Work request: Would you return the listing exactly as written, apart from its pictures?

Material provided:
-- -- --
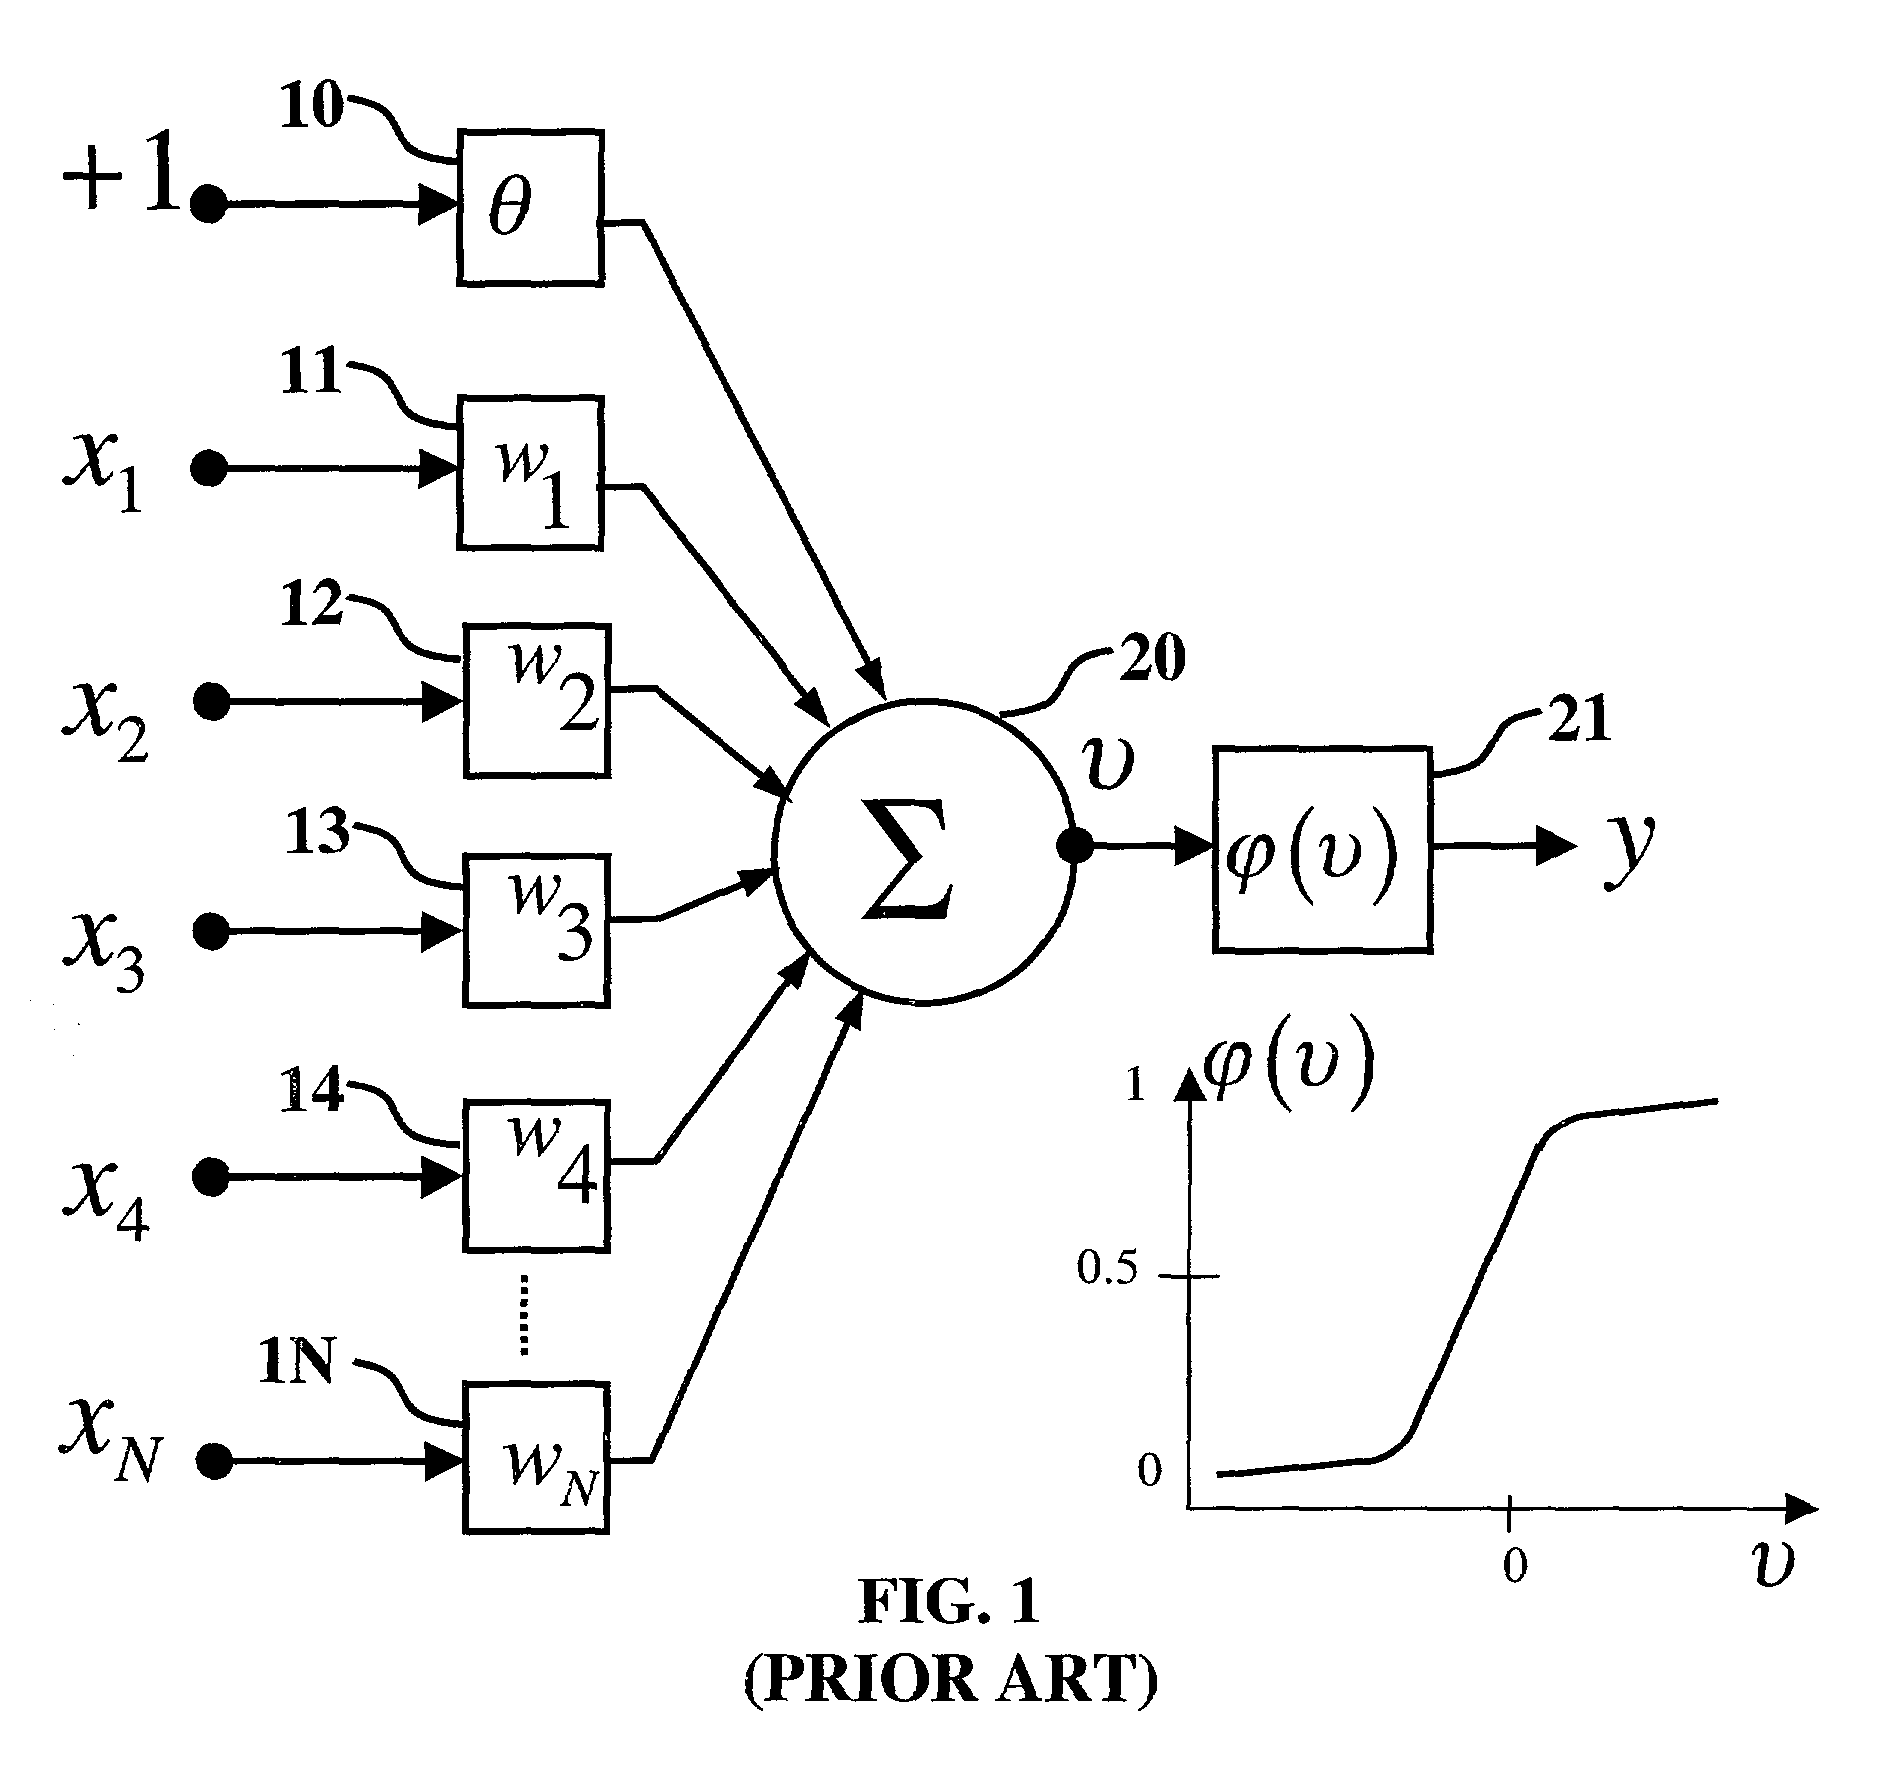 Method and apparatus for modeling a neural synapse function by utilizing a single conventional MOSFET
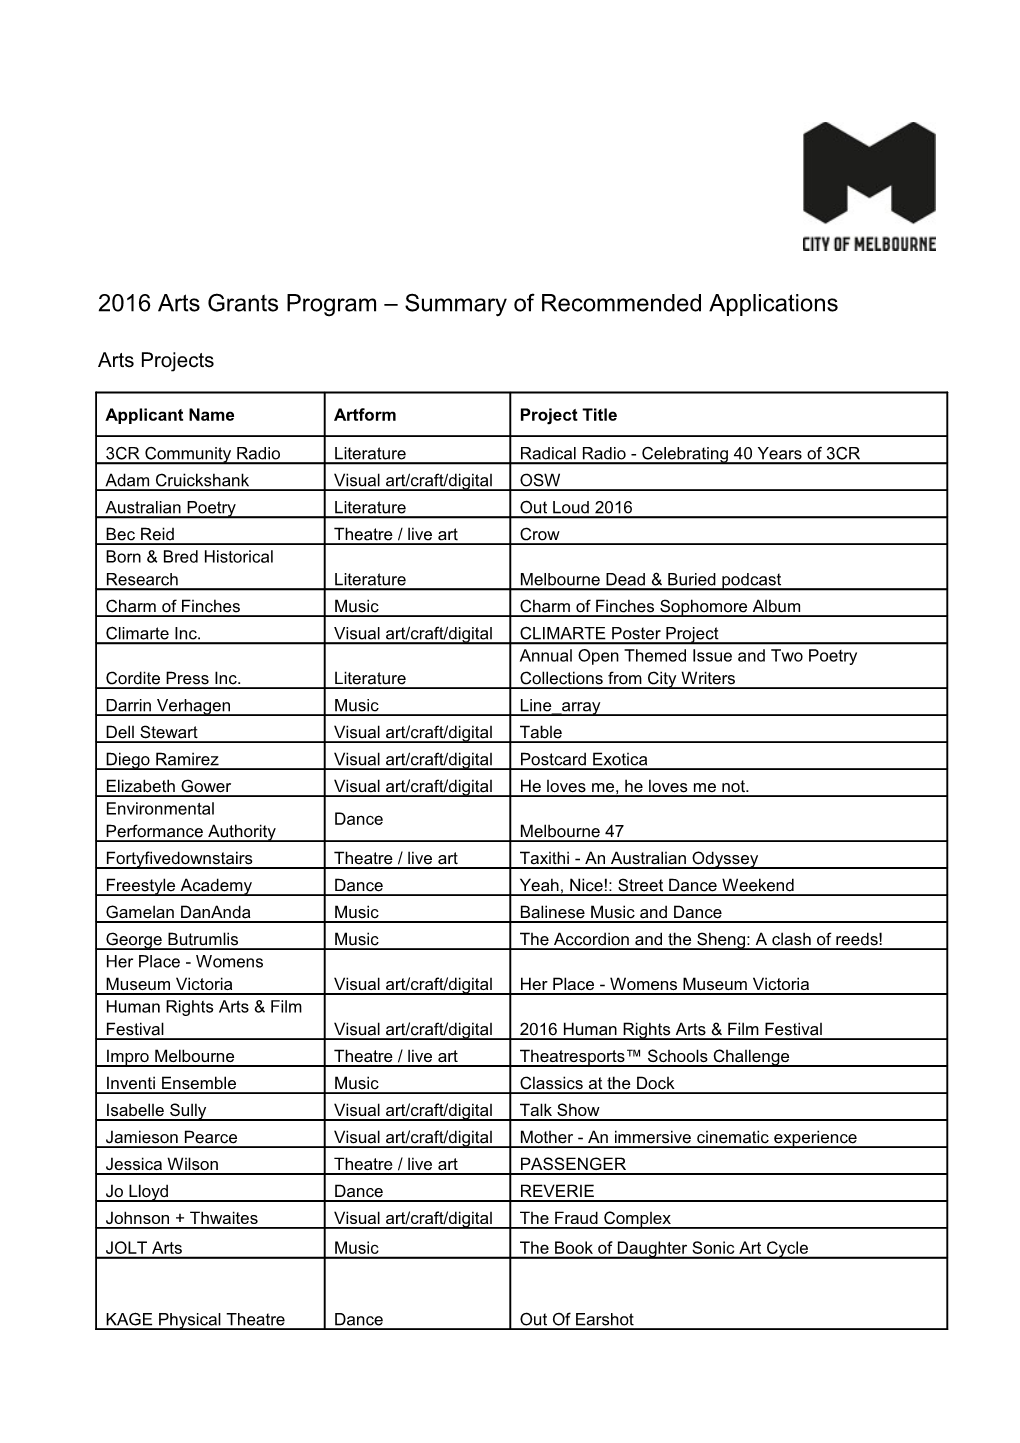 Arts Grants Program 2016 - Summary of Recommended Applications
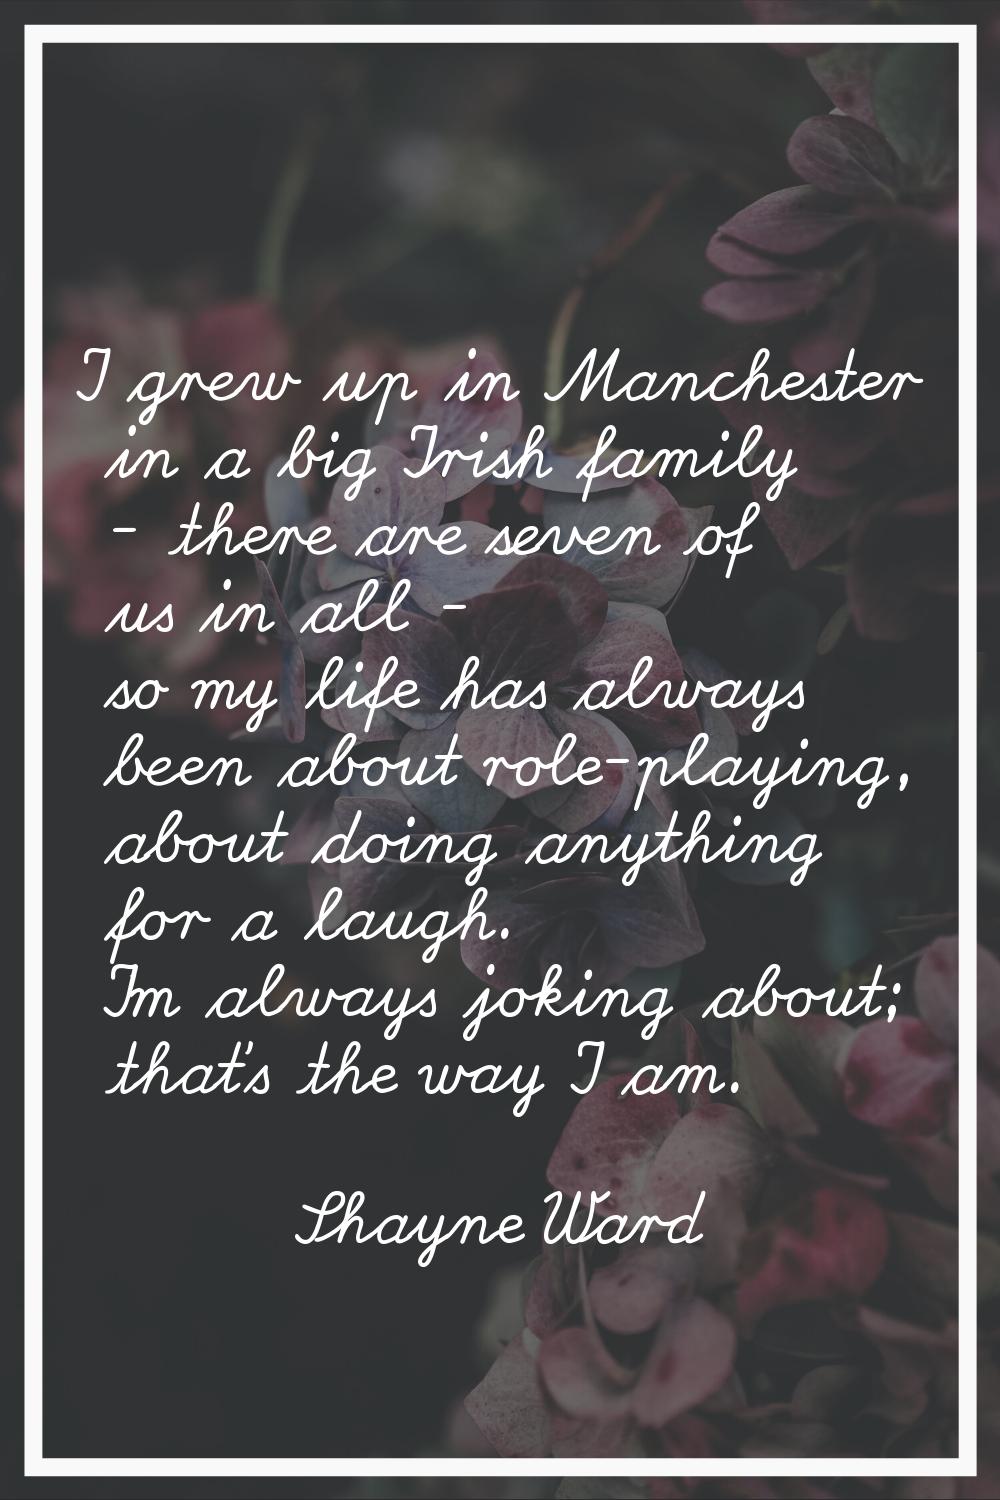 I grew up in Manchester in a big Irish family - there are seven of us in all - so my life has alway
-- -- --
Problem solution:
 Method and apparatus for modeling a neural synapse function by utilizing a single conventional MOSFET
 Arts Grants Program 2016 - Summary of Recommended Applications
 I grew up in Manchester in a big Irish family - there are seven of us in all - so my life has alway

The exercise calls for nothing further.